Monday, 5 March 2012

Trying to Beat the System

Sorry for the gap between posts - been to the UK and back now.  Dad - still the same - mentally OK, totally bored, fed up in the hospital, wants to go home, where he can still imagine his surroundings.  It's a waiting game at the moment... meanwhile, I am back and its been Oscar season!  I had to see a lot of movies in the last three weeks - to whit:  my Oscar favourites were: Warhorse and Hugo.  Both of them - absolutely marvellous.  Without going into detail: I thought 'The Artist' to be very good and enjoyable - but not really original?  It didn't engage the emotions. "The Descendants" - I thought very average - the older teenage girl was great, Clooney was 'himself' and didn't move me at all.  I didn't even shed a tear in this film - I think because the wife was always comatose - we didn't have a chance to relate to her.  The scene in which he bid goodbye to her - left me cold - he doesn't have it in him to act this well.  However, Clooney in comedy or as a villain (he was brilliant in The Ides of March) - superb. Hugo and Warhorse - moved me, and my friends to tears.  How could Ben Kingsley not be nominated for an Oscar???  The ways of Hollywood are strange. ... I digress - the point of the title of this post is to mention that my friend and I try to defeat the rip-off prices of the refreshments at our local movie house (we don't like poporn and sweets anyway) - by taking in our own take-away coffee concealed in our handbags. It backfired this time:  in the dark, when we attempted to retrieve our take-away polystyrene cups from the depth of our purses, both of us found that the lids had come off, our handbags were stained with spilled coffee and my friend burnt her finger, sticking it into the cup. The following week, having changed purses, (mine was in the wash), I did a big supermarket shop,only to find I had left my wallet at home.  Will we change our habits? Not a damn.  At the next movie (Warhorse), my friend had brought her stainles steel coffee mugs from home and asked the cafeteria to decant our take-aways into these . That worked perfectly, thank you.


  1. Soggy purse huh? See where cheating gets you! My wife wants to see Warhorse but is afraid of all the horse carnage. We both want to see Hugo.

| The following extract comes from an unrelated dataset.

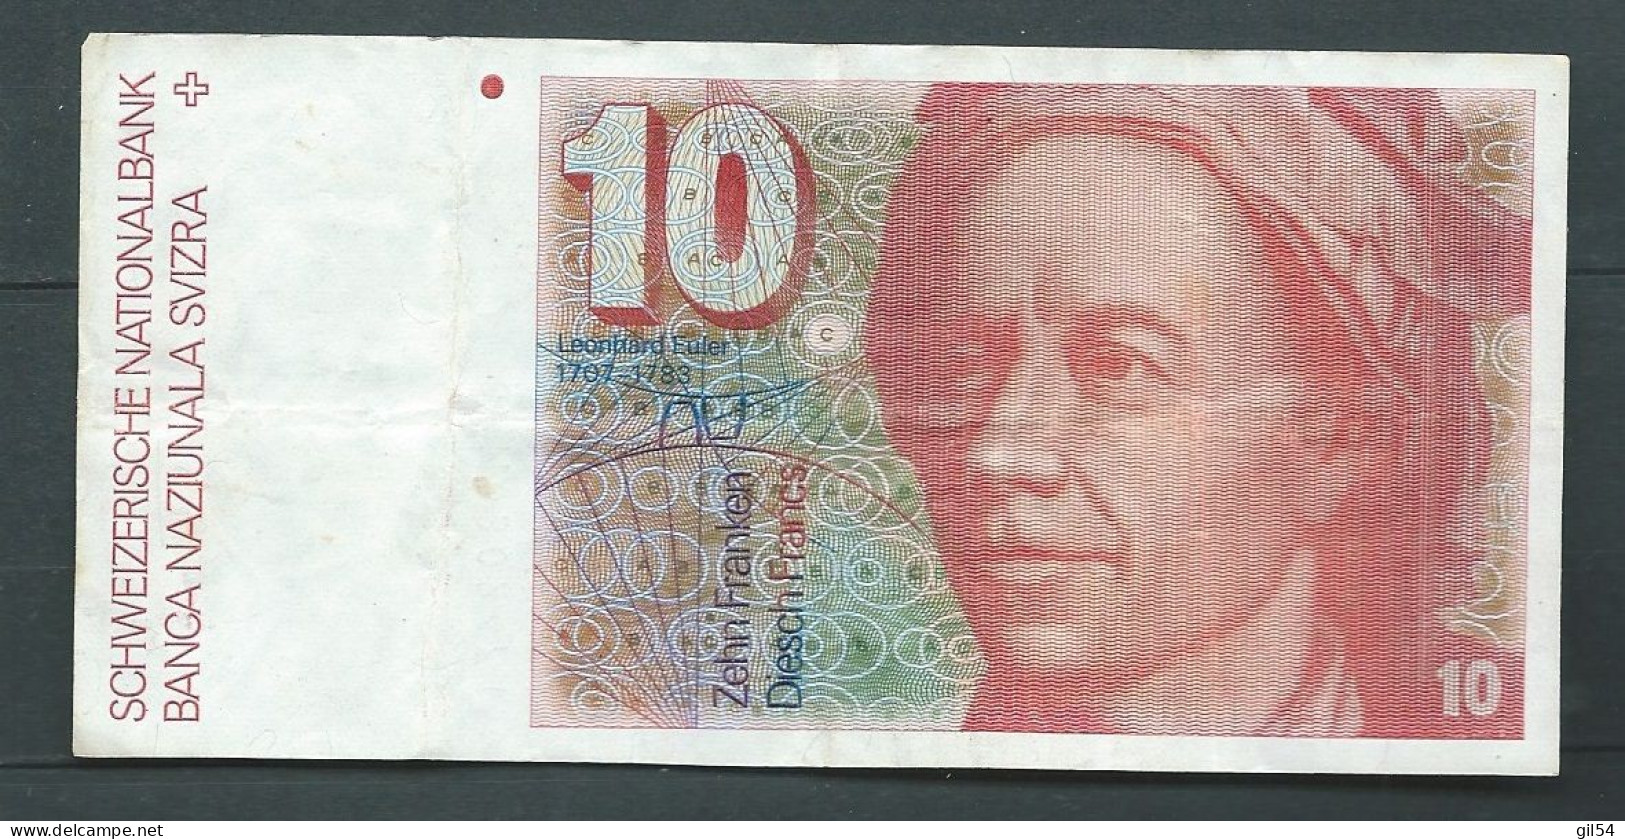 Billet 10 Francs 1987 Svizzera Suisse Schweiz 80M0302471  --  Laura14328 - Suisse

    As far as the Oscars go, I detest them. I sat through the damn things because my wife asked me to. I was even allowed to make comments. The height of the night was when the guy mimicked Angellina's leg pose.

    Agellina better start eating, her arms and face looked emaciated to me.

  2. You will both love Hugo and Warhorse - I sneaked a look at the end of the book before seeing the film - in case he died! He does not!! Your wife can relax - an uplifting, wonderful story. I confess I did hide my eyes during the bad war scenes though (thankfully, not too many).

  3. A friend saw Warhorse and cried her eyes out. I know, now, what movie to go rent when I need a good cry!

  4. Yes, but you will enjoy every single tear! Don't miss it!!